За ним наблюдали смеющиеся глаза Глинки. Столь бойкий и находчивый в обществе и на балах и обычно ловкий и быстрый в движениях, несмотря на свой исполинский рост, Соболевский выглядел сейчас беспомощным и как бы расслабленным в своей важности.
Девушка внимательно прислушалась к его словам и быстро спросила:
— А дальше?
Он не понял ее, и она пояснила в нетерпении:
— Ну кто вы, откуда, чем занимаетесь?
В ее голосе уже сквозило еле скрываемое раздражение.
— Помещик, если вам угодно, да, русский помещик, может быть, скоро фабрикант, — покосился он на Глинку, знавшего о его планах завести бумагопрядильное предприятие, — Ну еще библиограф, литератор, вы удовлетворены, барышня?
— Да, — коротко и строго кинула она ему и обратилась к Глинке: — О вас много допытываются в городе, и ваш товарищ не должен удивляться нашей осторожности с новыми для нас людьми. События во всей Италии нас научили тому. Везде ищут карбонариев, а кто не карбонарий, например, в моей семье, из оставшихся на свободе? Отец, мать, я?
Глинка в свою очередь спросил ее:
— А кто же и о чем спрашивает обо мне?
Она показала па окно комнаты, выходящее па одну из главных в Милане улиц, и спокойно сказала:
— Вы сейчас лежите и потому не можете подойти к окну, но когда поправитесь, я покажу вам кучера, избравшего себе стоянку на углу лишь для того, чтобы наблюдать за вами с высоты своих козел, — это посыльный нашего синдика, а в лавку зеленщика беспрерывно бегает слуга из кухни кавалера Николини… Но он, впрочем, ничем не опасен вам, это добрый надсмотрщик за вами, я так думаю…
— Кто же он — Николини? — заинтересовался Глинка.
— Антиквар, владелец большой картинной галереи, музыкант, богатый человек. Что вам еще сказать о нем? Он низенький, толстый, смешной и очень боязливый, у него дома висят такие иконы, каких по ценности нет в нашем соборе, и папа посылал к нему духовников уговорить его продать или пожертвовать их церкви.
— И что же? — спросил Соболевский.
Девушка ответила сдержанно-холодно, поглядев на него:
— Я не знаю. Кажется, он их не продал. Может быть, вы хотите купить их?
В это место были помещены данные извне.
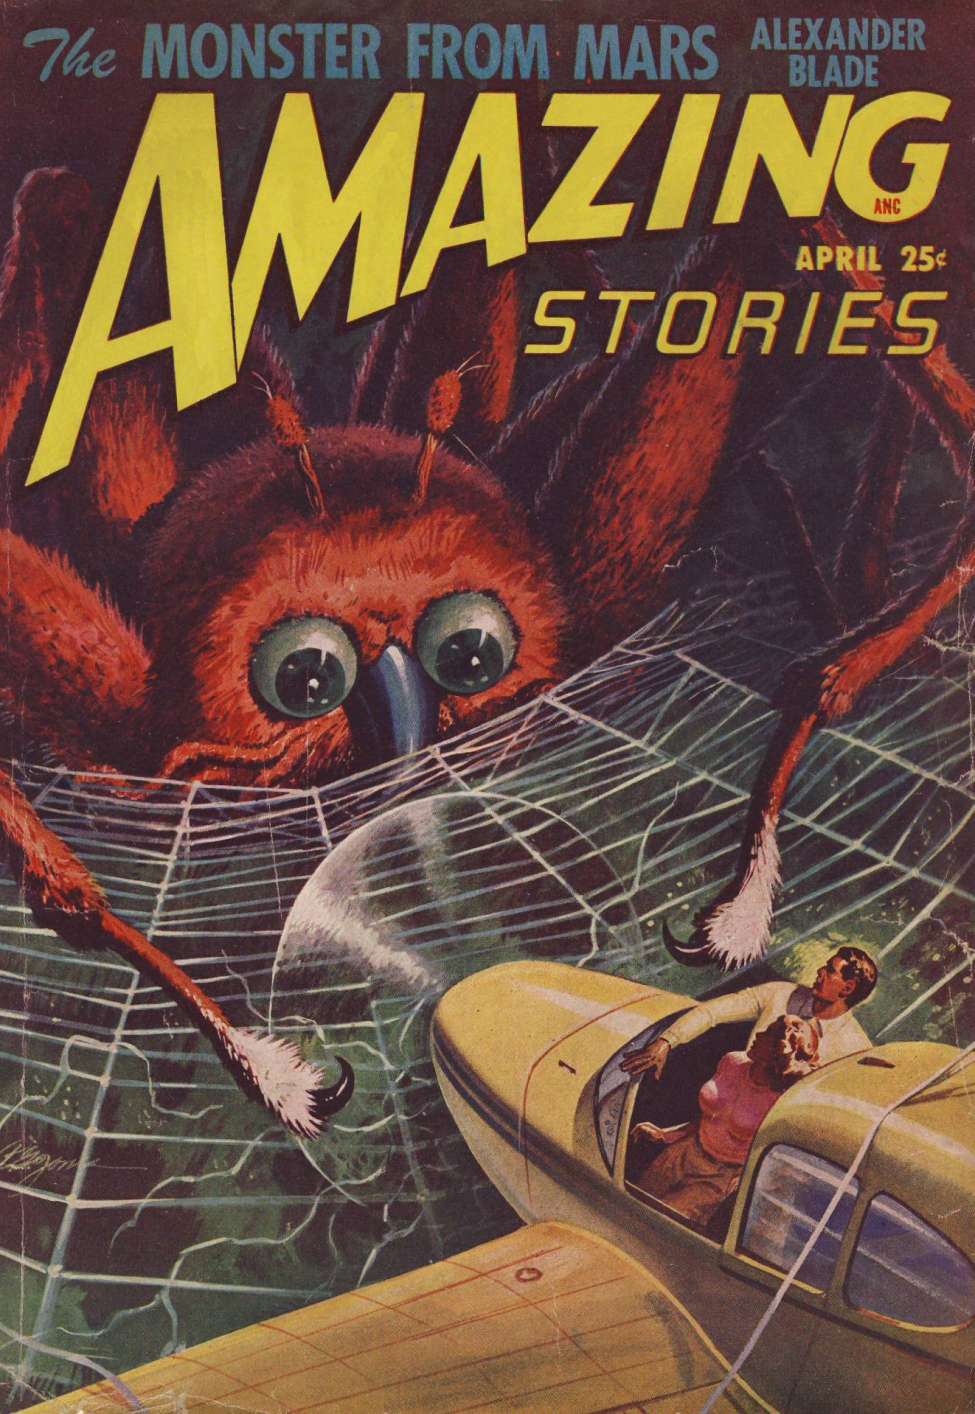 Book Cover For Amazing Stories v22 4 - The Monster from Mars - Alexander Blade

В Италию ведь приезжают или молиться, или поправлять свое здоровье, или за редкостями!
— Барышня, будьте ласковее ко мне, — почти взмолился Соболевский, искренне и почти ребячески обиженный в душе ее недоверием к нему, — скажите, а что нужно кавалеру Николини от нас?
— Музыки, песен!.. — просто ответила она, улыбнувшись, — Ведь говорят же, что к нам в Милан приехал большой русский мастер, и, конечно, Николини не терпится узнать о нем скорее, до зимы…
— А почему до зимы… Что будет зимой? — в раздумье произнес Глинка.
Она с живостью подхватила его вопрос:
— О, зимой гораздо интереснее в Милане, и зимой легче знакомиться с людьми, как ни осторожны миланцы. Они ведь очень общительны, — как бы в извинение тут же заметила девушка. — В конце декабря откроются два наших театра, импрессарио уже теперь тянут к себе артистов. В «Карсано» будет петь Паста, наша Паста, великая Паста, в опере «Анна Болена». Ну вот, — сдерживая свое желание рассказать о Пасте, закончила девушка, — приезжие музыканты сходятся в эти дни в кружках, знакомятся в театрах…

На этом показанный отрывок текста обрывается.